If she is symptomless, MSM probably unnecessary.

Salmon oil (Omega 3 EFAs) is a big anti-inflammation agent, and inflammation is at the heart of many systemic diseases, from arthritis to atherosclerosis.

The Vitamin C can also be given in food.

If you feed ripe fruit, make it low-sugar, like blueberries, etc., because if she is grain-intolerant, no sense giving sugar (no sense giving sugar anyway). I do feed fruit.

No multis with a commercial food....... too much overlap, IMO. If you want to feed a certain vitamin, I really like to feed a food rich in that vitamin instead.

Check her food....it may have the RDA of C.

JMO.

Don't faint at the $$ of salmon oil.... the portion is small. And feed it to you and your wife, too. (Don't heat it or cook with it. Good added to salad dressing.)
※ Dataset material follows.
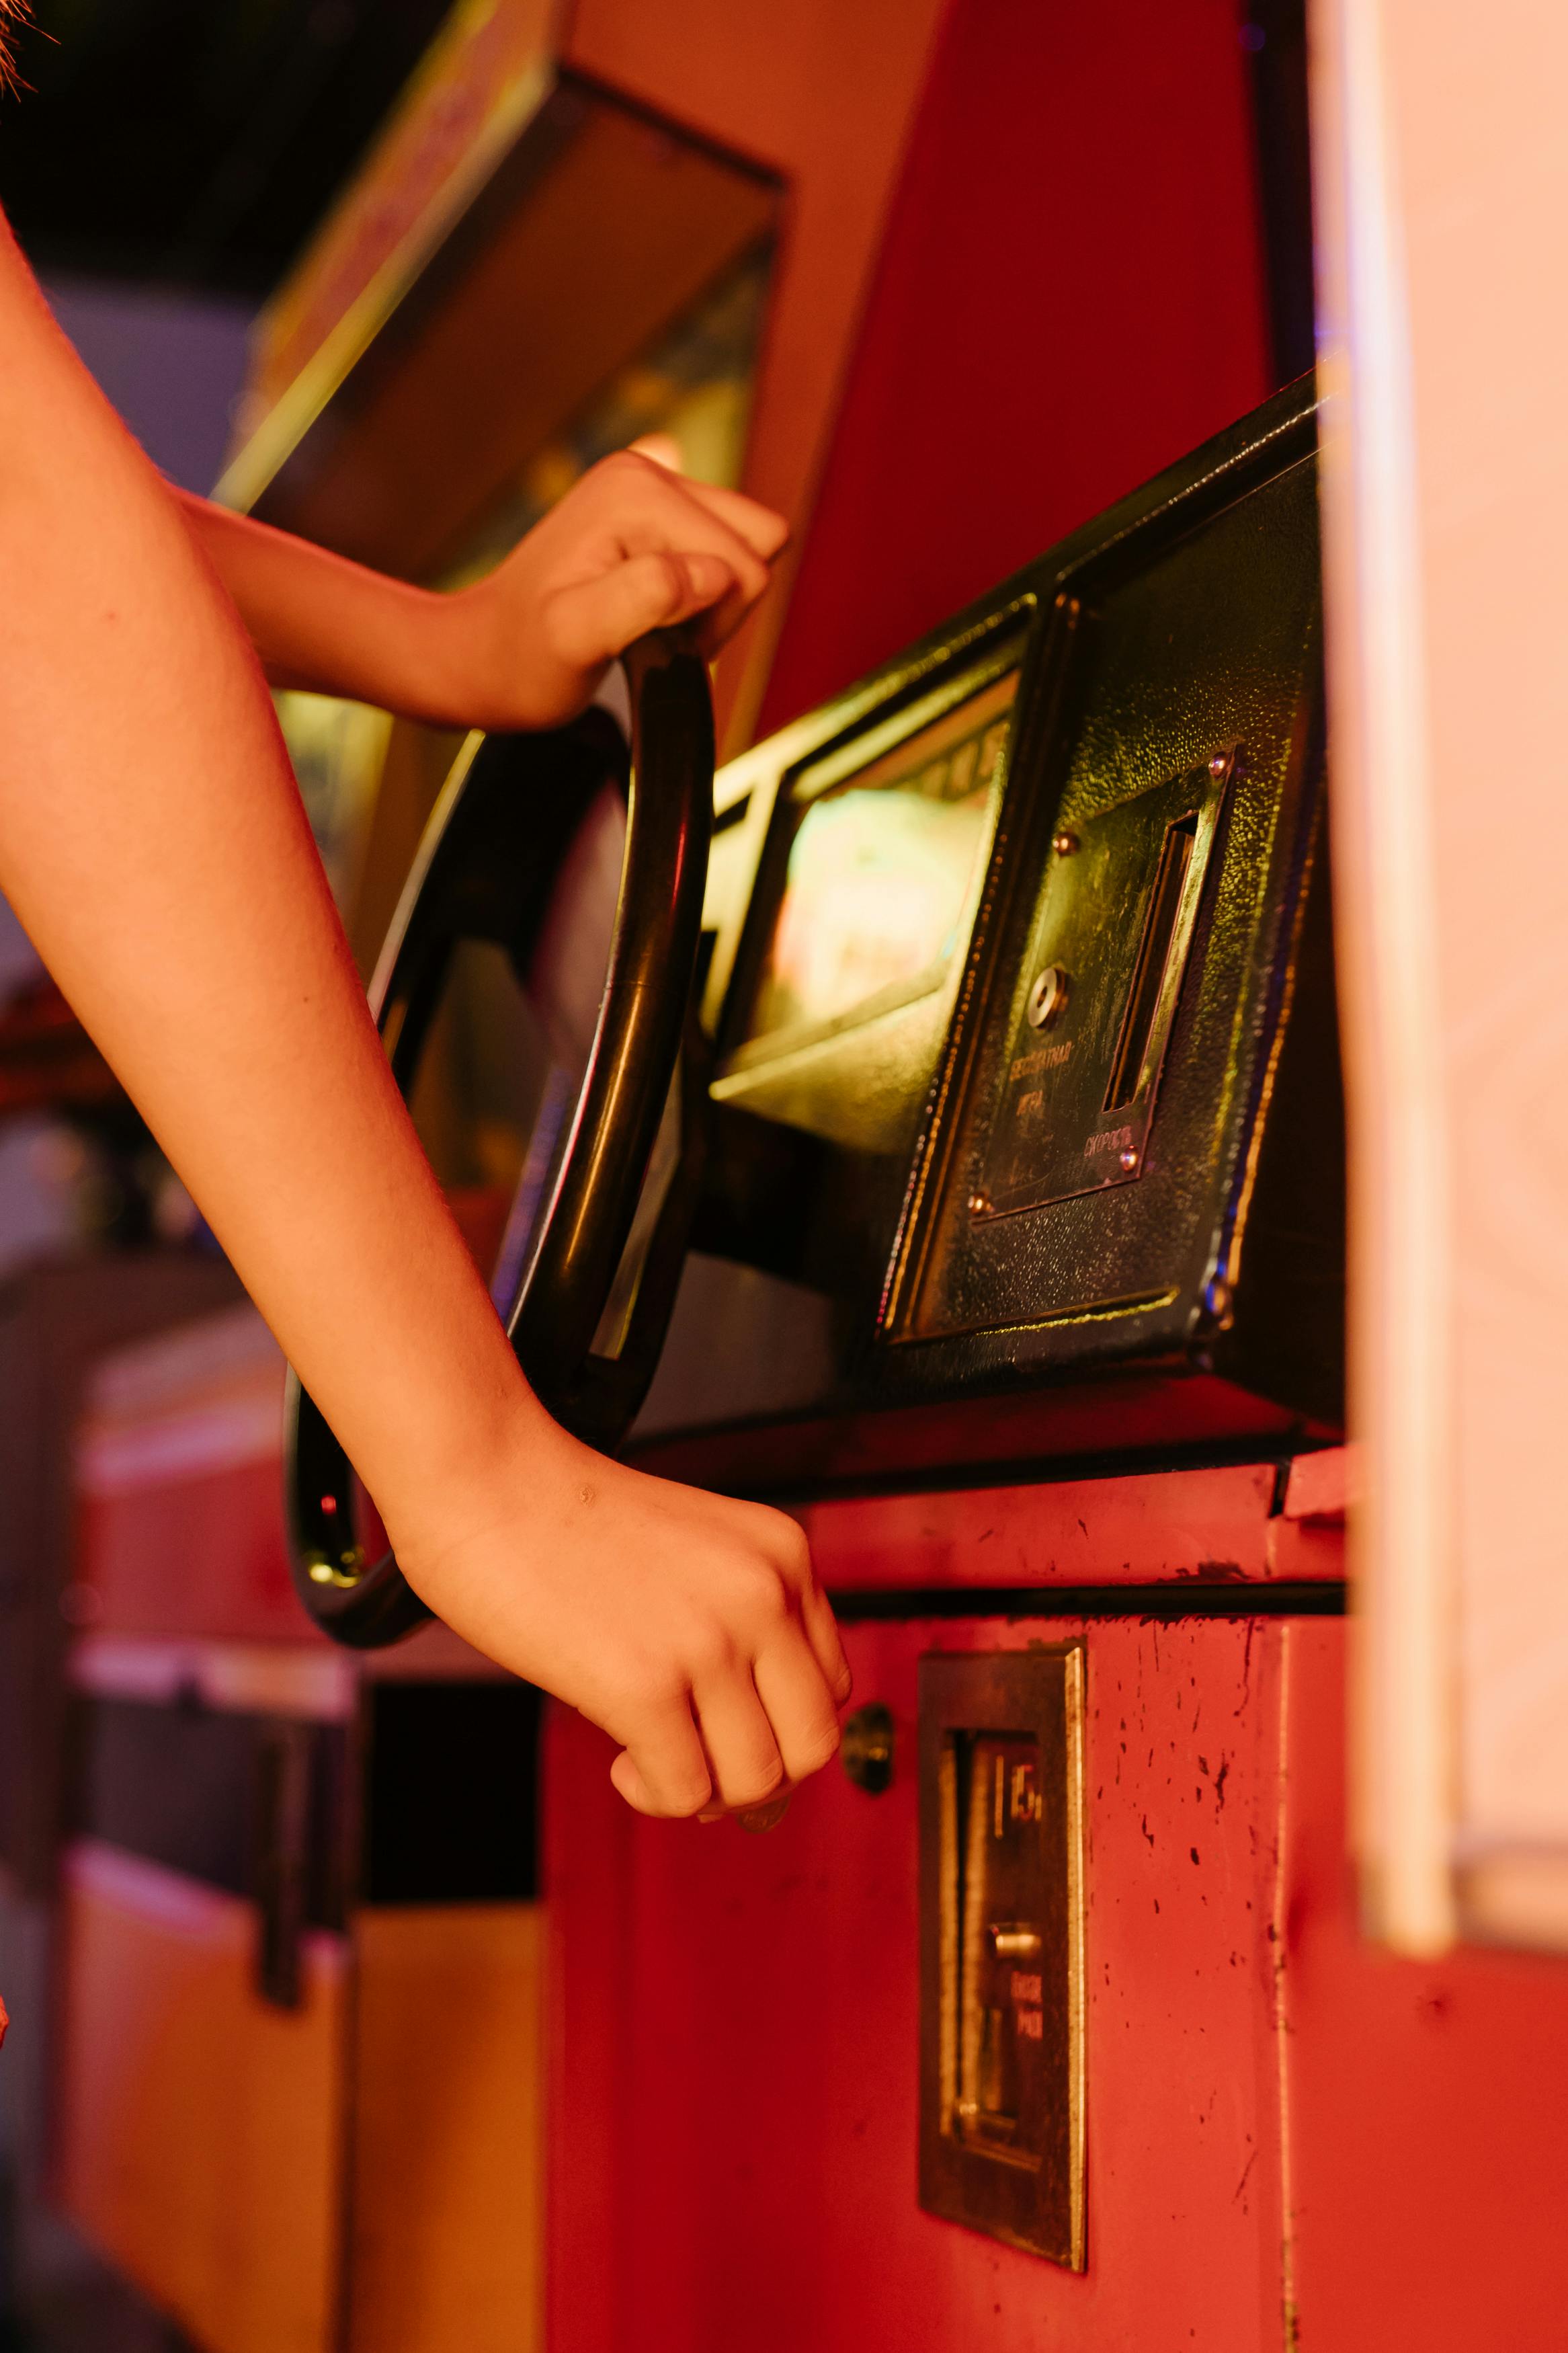 person playing an arcade machine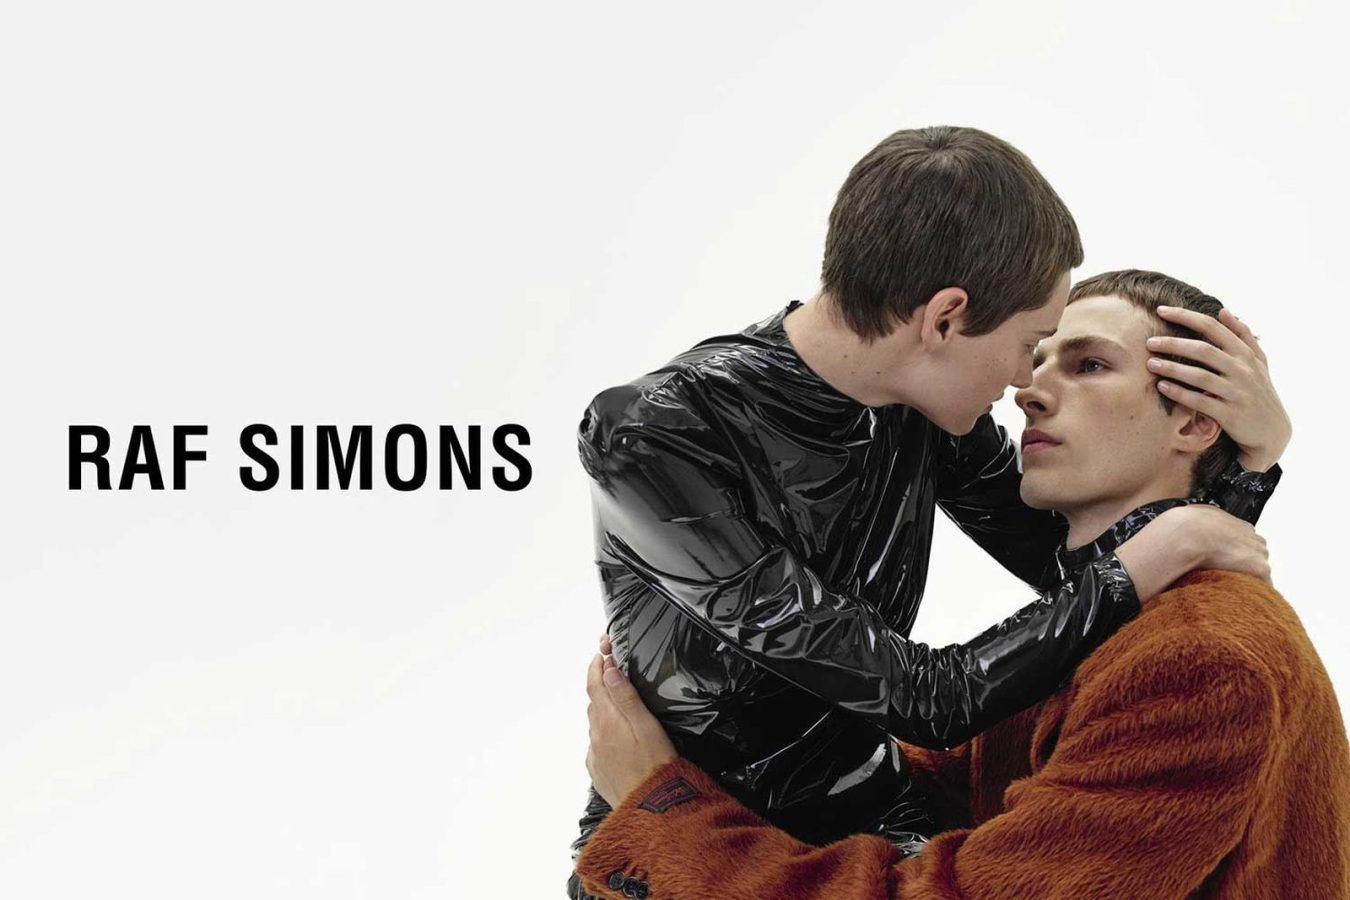 After 27 Years, Raf Simons Is Closing His Eponymous Label - Fashionista

The best: http://www.crnusa.org/o3group.html

I buy Nordic Naturals because it's what brand the natural foods store down the street carries. I get the one with lemon peel oil in it because it's good on salad, and the dogs don't care.


----------



## Woody Taylor (Mar 28, 2006)

Connie, here's the link to the Solid Gold Seameal website. Here's another link to their "claims" about the product. I like it quite a bit, it's very popular up here. I think its basic claim is increasing the digestibility of food. All I know is that Annie's coat is glossy and she seems healthy--we get complements all the time on her coat and appearance.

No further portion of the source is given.